Melissa G Butler a,b, Esther H Zhou c, Fang Zhang d, Yu-te Wu e, Ann Chen Wu d, Mark S Levenson e, Pingsheng Wu f, Sally Seymour g, Sengwee Toh d, Aarthi Iyer d, Solomon Iyasu c, Meghan A Baker d,h
PMCID: PMC7065027  NIHMSID: NIHMS1560692  PMID: 26725997

Abstract

Background:

Safety concerns associated with long-acting β2-agonists (LABAs) have led to many US Food and Drug Administration (FDA) regulatory activities for this class of drugs. Little is known about the effect of these regulatory activities on use of LABA-containing agents or other asthma medications.

Methods:

We created rolling cohorts of pediatric and adult asthmatic patients in the Mini-Sentinel Distributed Database between January 2005 and June 2011. The proportions of asthmatic patients using LABA-containing products, inhaled corticosteroids (ICSs), leukotriene modifiers, short-acting β2-agonists, oral corticosteroids, other bronchodilators, and no medications were measured on a monthly basis, and the changes were evaluated by using interrupted time series with segmented regression analysis.

Results:

When the 2005 regulatory activity was announced, there were statistically significant decreases in the use of fixed-dose ICS-LABA agents in children (−0.98 percentage points) and adults (−1.24 percentage points).

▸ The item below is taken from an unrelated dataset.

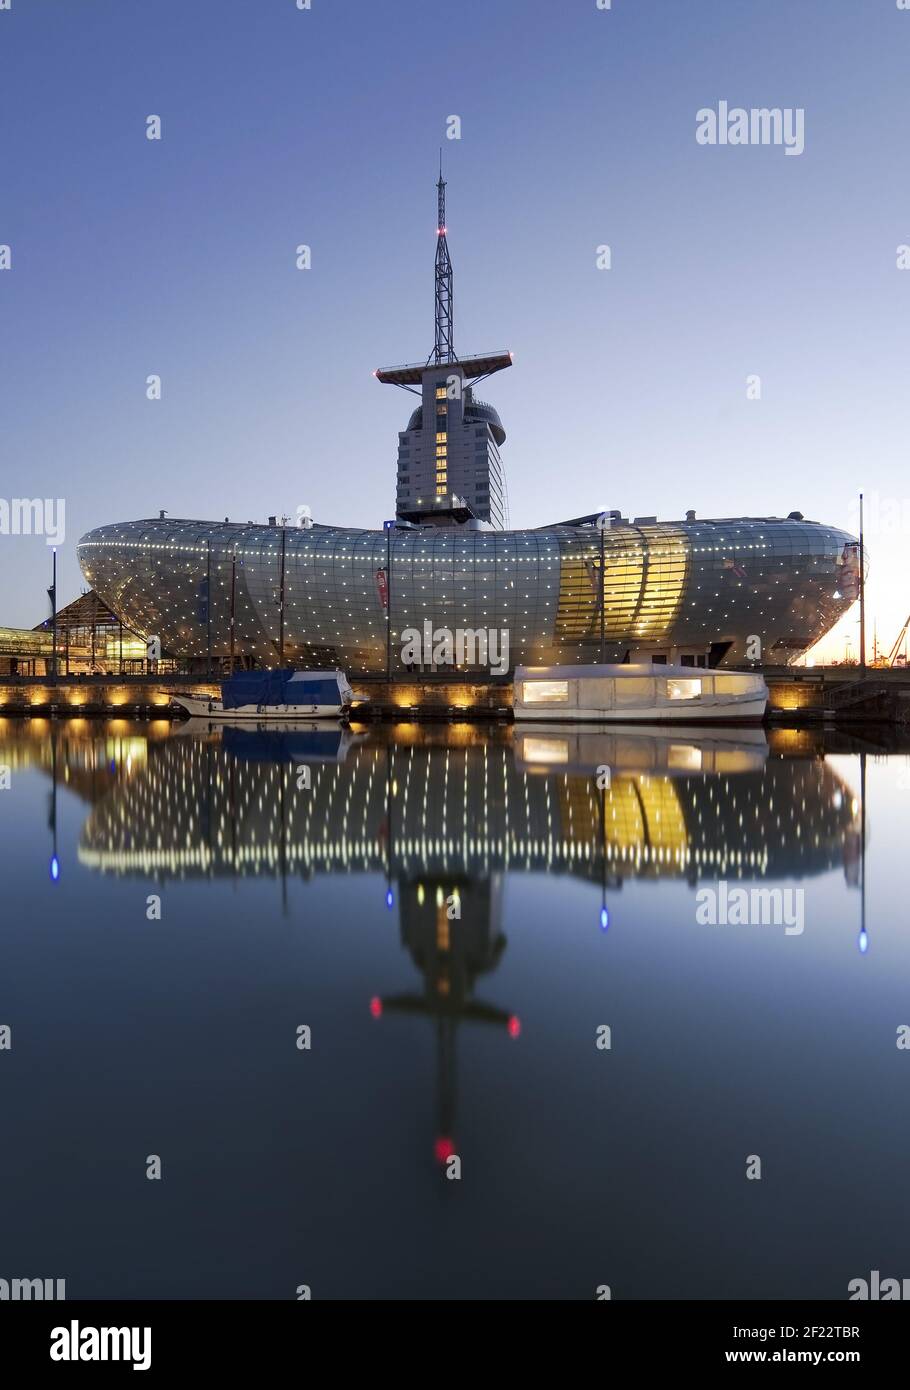 Illuminated climate house Bremerhaven in the evening, Havenwelten, Bremerhaven, Germany, Europe Stock Photo

Increased use of ICSs and leukotriene modifiers was observed just after the regulatory activities were announced in both children and adults. Although of smaller magnitude, continued favorable changes in the use of LABA agents were observed after the 2010 FDA regulatory activity.

Conclusion:

The 2005 and 2010 FDA regulatory activities might have contributed to reduced use of LABA agents, as intended; however, their effect, independent of other factors, cannot be determined. Use of other classes of asthma medications was similarly affected.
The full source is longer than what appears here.